In our federal set-up, the States and Centre do not pull together in common interest and remain unconcerned to the national good. Education is a concurrent subject but that does not mean that students of one State will be studying and working only within that State. Where is our national perspective? We must be able to teach students to fit in not only nationally but also internationally. They must be helped to develop 21st century skills.

Our national spending on education and training is just about four per cent of our GDP of which two-thirds are by the State and one-third by the Centre. Why should we not spend more money on education, at least six to eight per cent of the GDP, to have better schools, better trained teachers and provide the students with proper textbooks and other wherewithal of education?

According to a NASSCOM report, each year over three million graduates and post-graduates are added to the Indian workforce. Of these, only 25 per cent of technical graduates and 10-15 per cent of regular graduates are considered employable by the industry. Is it not a national tragedy and a huge wastage?

What about the rest of the pass-outs? What makes them unemployable? One reason clearly is the remnants of colonial thinking and traditional education patterns that continue to make most parents think that their wards must become somehow a “graduate” and get a job to bring some money to the family quickly. Therefore, economic consideration acts as a de-motivating factor. Dreams get shattered on the stone of hard reality of life.

Today skills have become a deciding factor for employment in view of growing industriali-sation. The traditional age-old khata is replaced mostly by computers. You don’t get a clerk’s job unless you are computer-literate. With a simple graduation that provides no skill sets, one can hardly find a job.
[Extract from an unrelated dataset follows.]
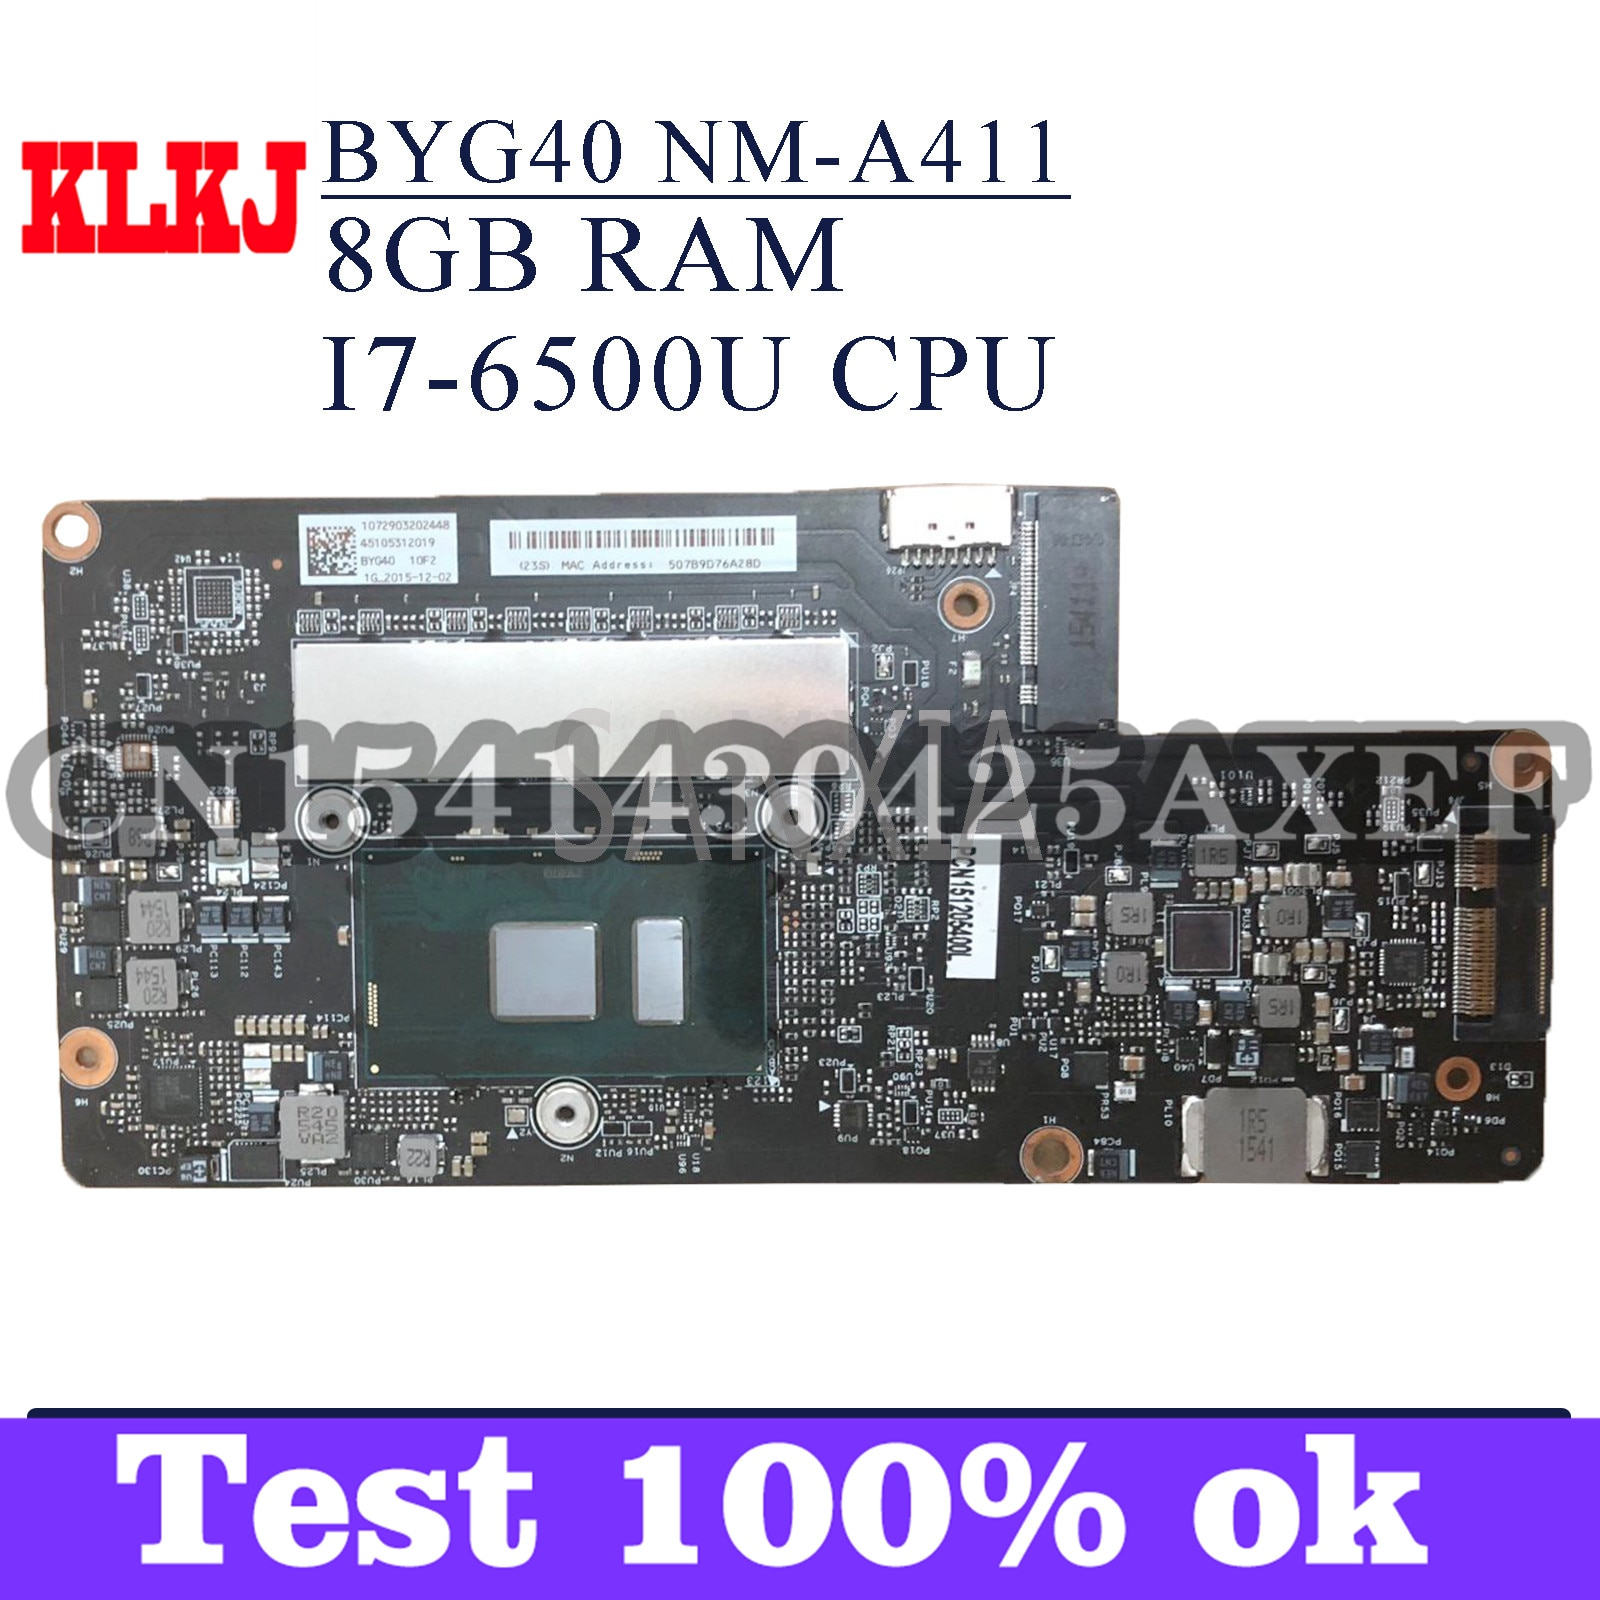 KLKJ NM-A411 اللوحة الأم للكمبيوتر المحمول لينوفو اليوغا 900-13ISK اللوحة الرئيسية الأصلية 8GB-RAM I7-6500U

Even with an engineering degree one has less chance of landing a job than an engineering diploma holder. The reason is simple: in diploma course the practical skills imparted are greater than in engineering degree. An engineering degree may have greater value in the marriage market but not in the job market. The point is that vocational training has to be combined with theoretical knowledge to meet the needs of the job market.
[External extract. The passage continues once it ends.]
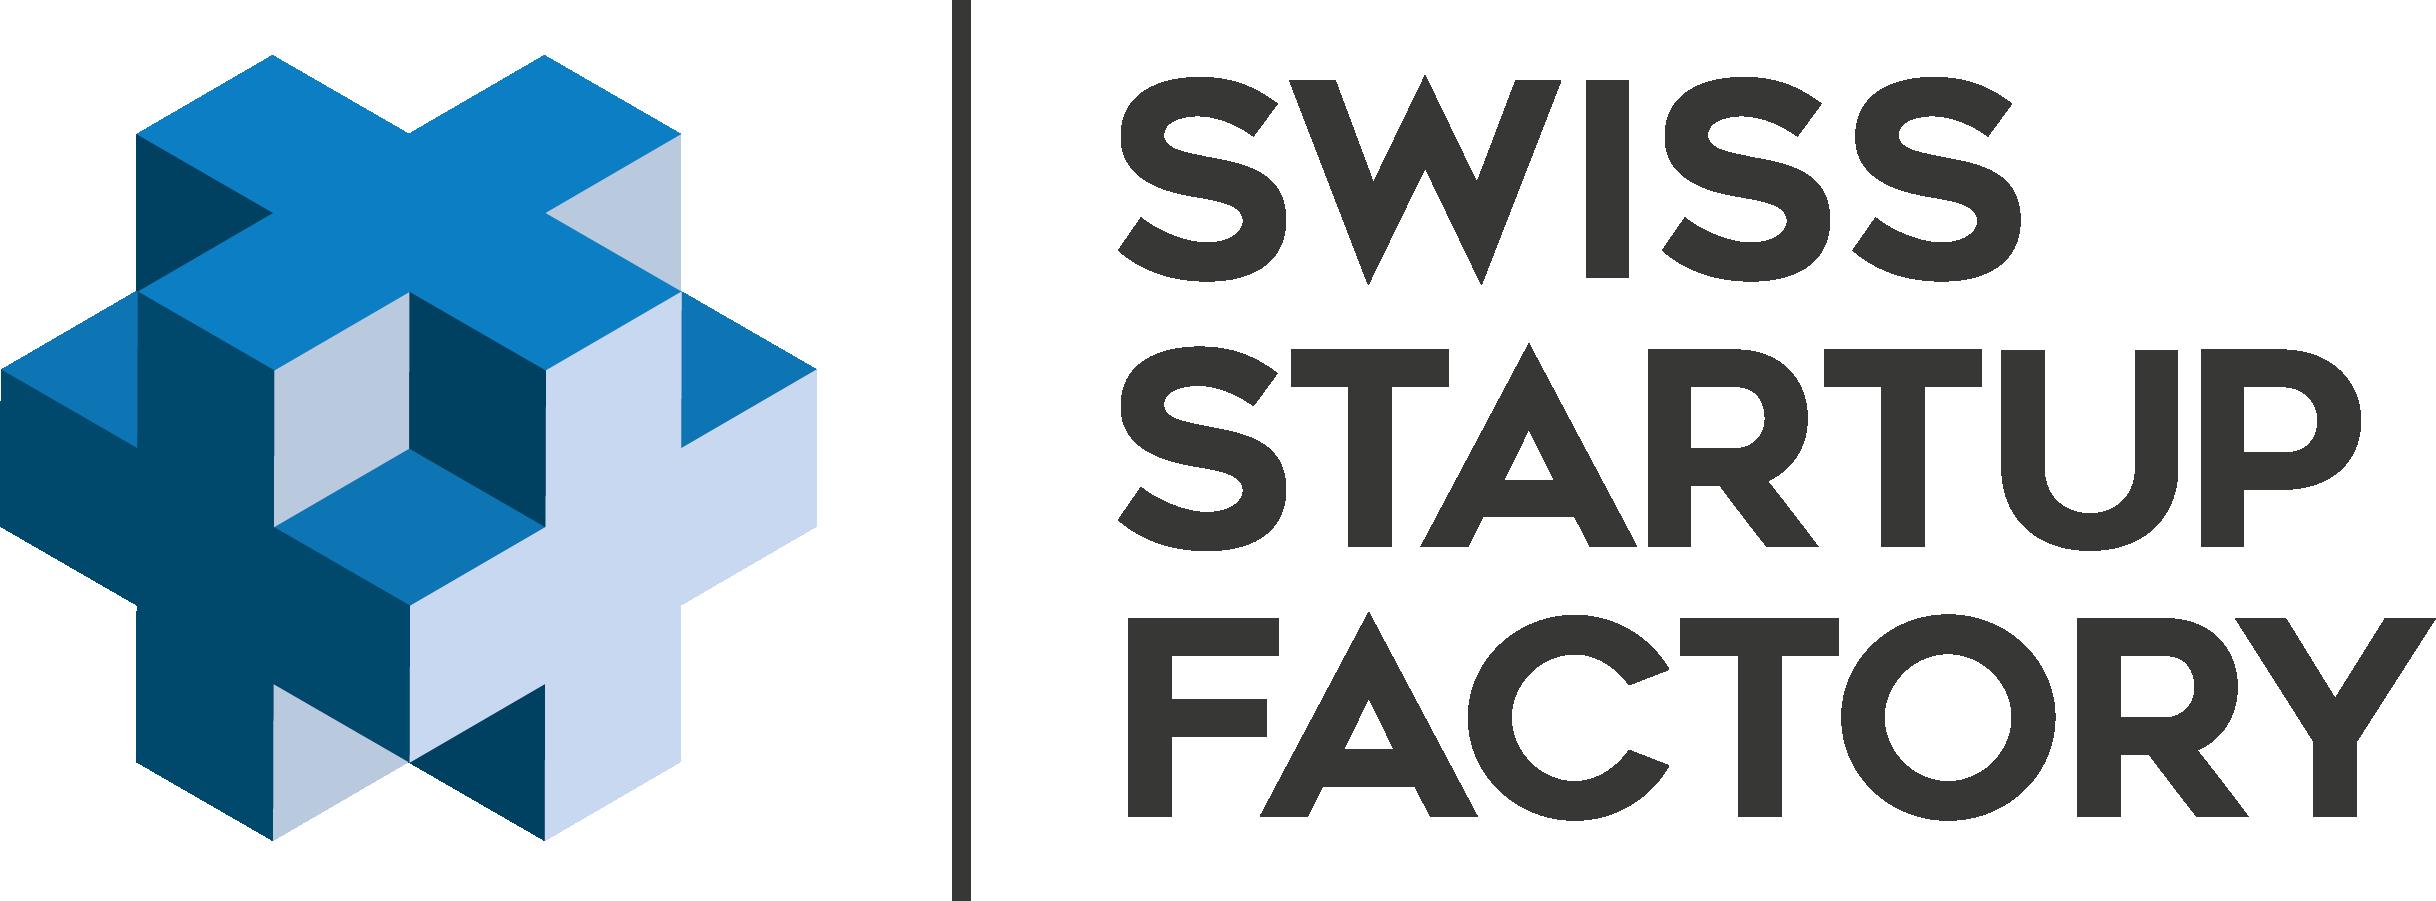 Swiss Startup Factory

But what about those for whom the economic factor is not so dominant? Where do the prodigals of rich families go for their schooling? They go to high-fee schools in the name of better education though most of them turn out to be average students or worse as they tend to concentrate on flaunting their resources more than academics. And the super-rich go to the mountain schools in Kodaikanal or Dehradun! And some shift to foreign schools and their number seems to be growing. This year, there has been an increase of 32 per cent in the number of students going to the USA. France is offering scholarships to meritorious students. Sure, some of them surely “shine” in later life. But how many return to work in India and prove their mettle? Not even a handful!
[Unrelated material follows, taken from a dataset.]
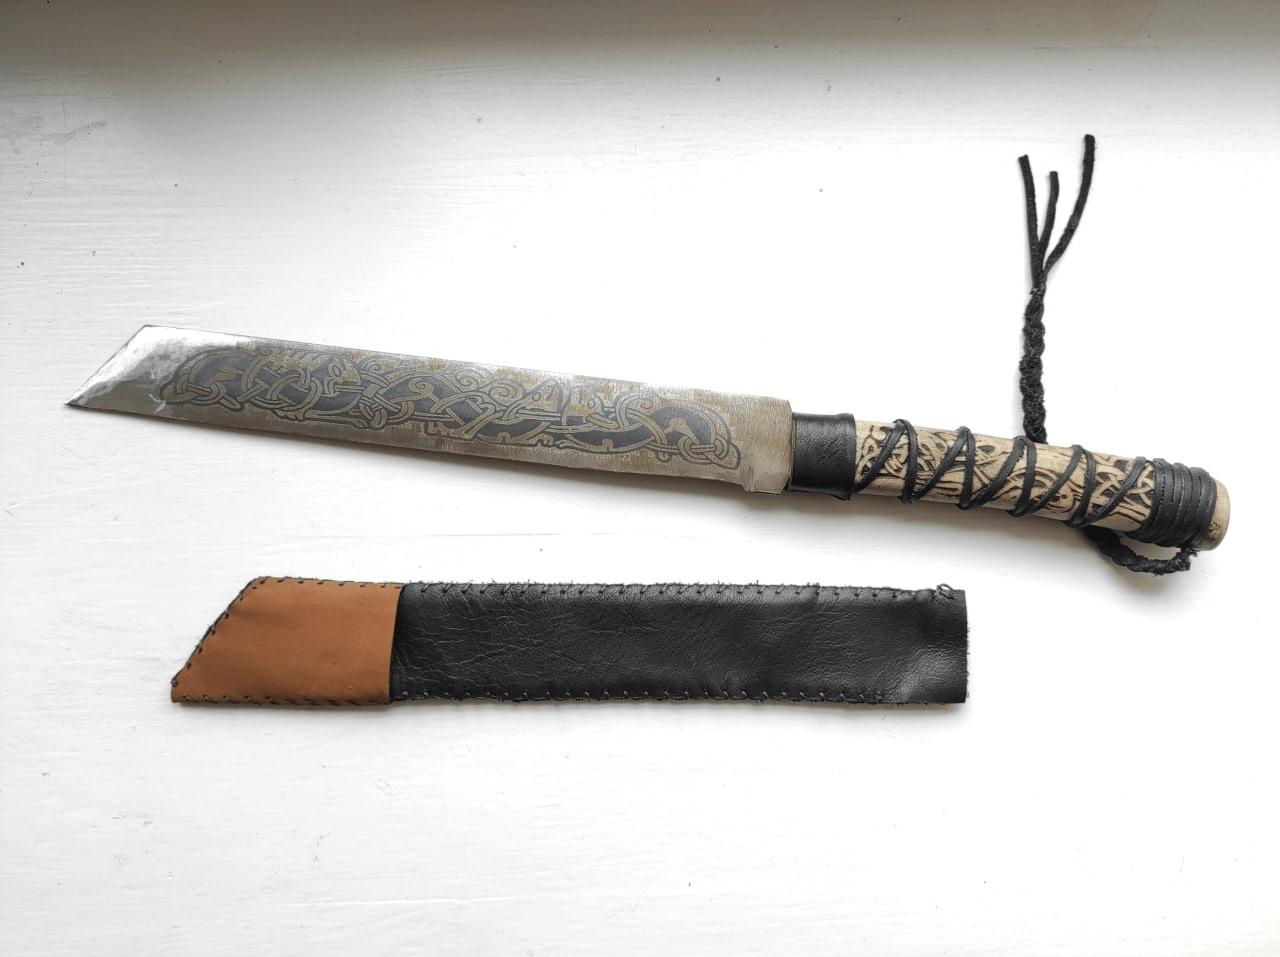 A DIY knife

This is the real tragedy of our education system. We have developed a philosophy of poverty but not how to remove it. Another backward country that became independent almost simultaneously as India is outstripping us in almost every field of development. It is China.

Some years ago, a book was in circulation, titled What ivan Knows that Johnny Doesn’t, written by Arther S. Trace and published by Random House in 1961. It compared the knowledge base of American and Russian students and concluded that the Russian students’ knowledge dimension was greater.

If a similar test is conducted today between the Chinese and Indian students, the former will be ahead of the latter, starting with the fact that the literacy rate of the Chinese is around 96 per cent while India’s is at about 74 per cent. In PISA tests or in national IQ tests sadly it seems China also scored higher than India. China has two Nobel Laureates born in the post-revolution period and working in China as against none in India. Maybe there should be a new study, titled What Chiang Knows that Rahul Doesn’t, to show our place in Asia, not to talk about the world!

The author, a former journalist, is currently engaged in education management through distance education.